Task to carry out => Your response is a verbatim copy of the listing, stripped of its images.

Data block =>

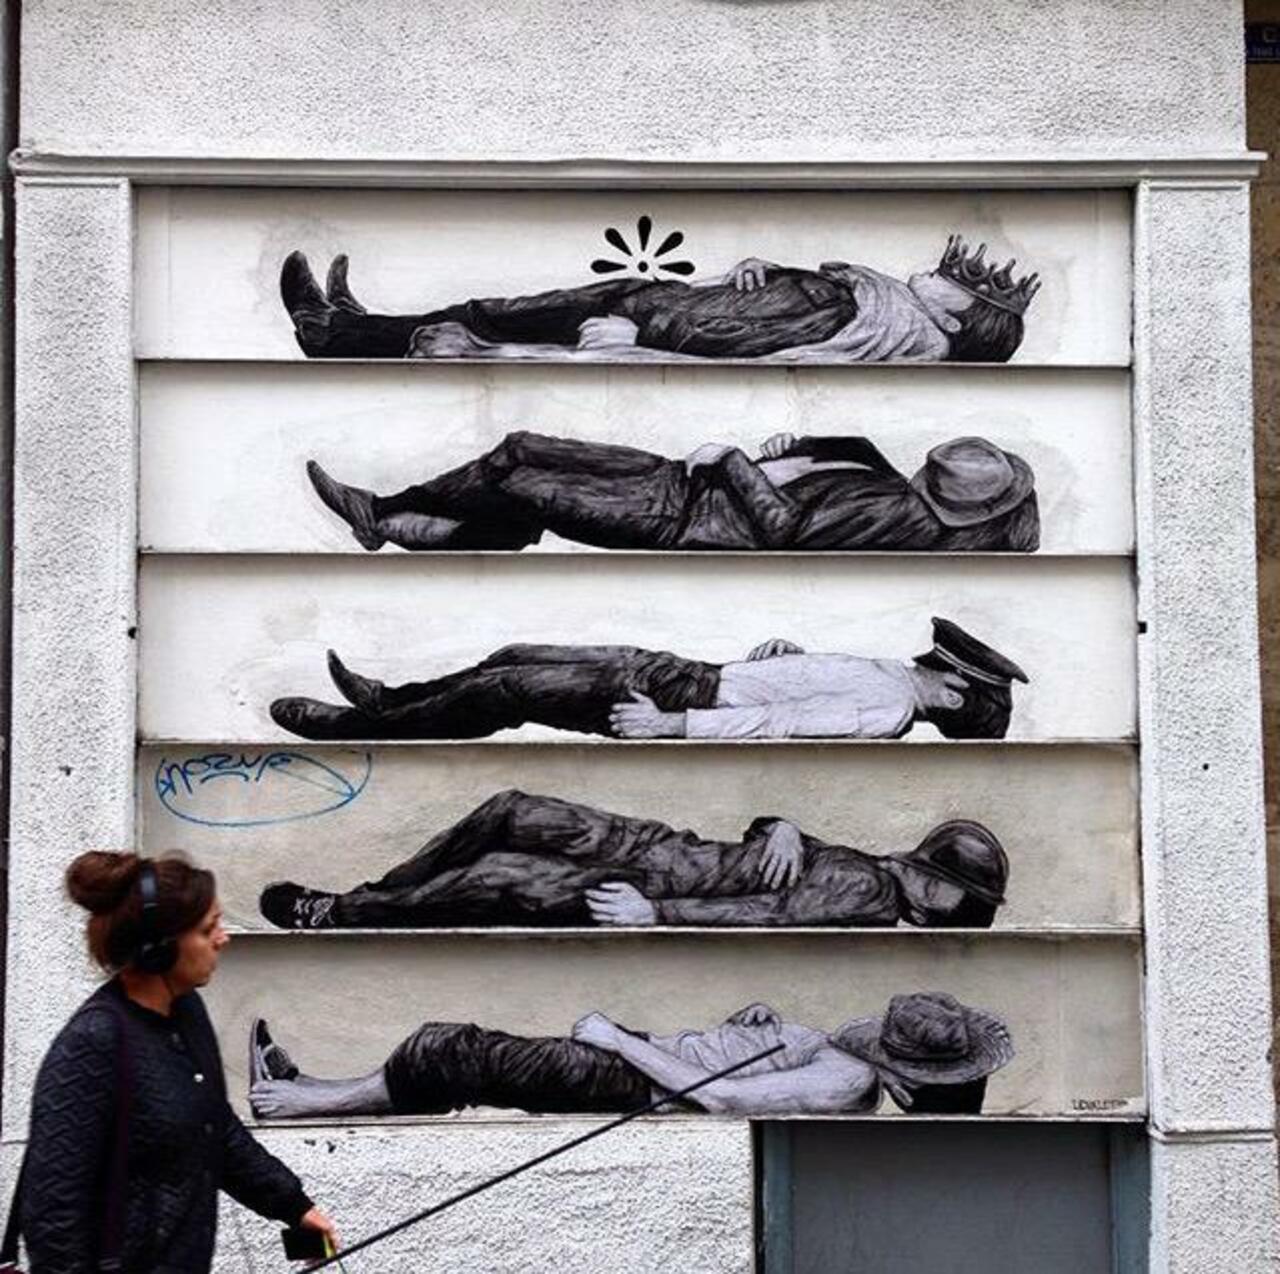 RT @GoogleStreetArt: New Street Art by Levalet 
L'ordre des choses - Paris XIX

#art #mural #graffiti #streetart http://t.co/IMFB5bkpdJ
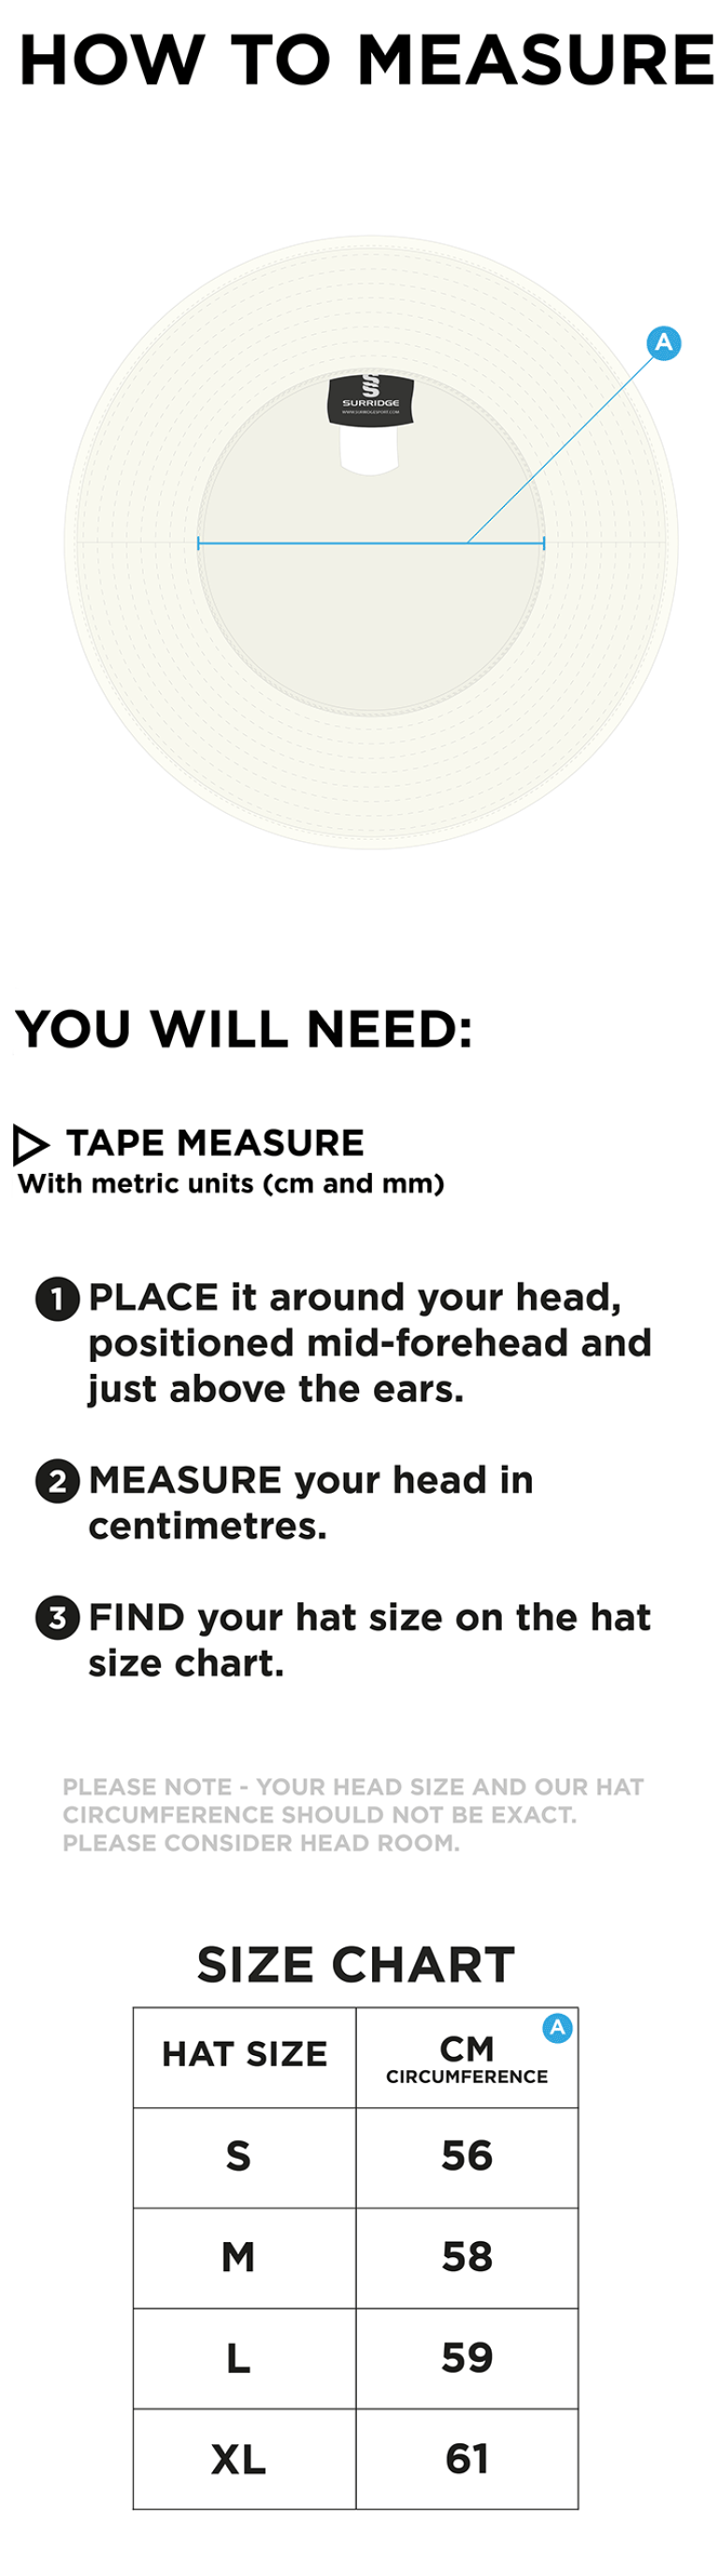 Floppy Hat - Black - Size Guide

Written response =>
 RT @GoogleStreetArt: New Street Art by Levalet 
L'ordre des choses - Paris XIX

#art #mural #graffiti #streetart http://t.co/IMFB5bkpdJ
 Floppy Hat - Black - Size Guide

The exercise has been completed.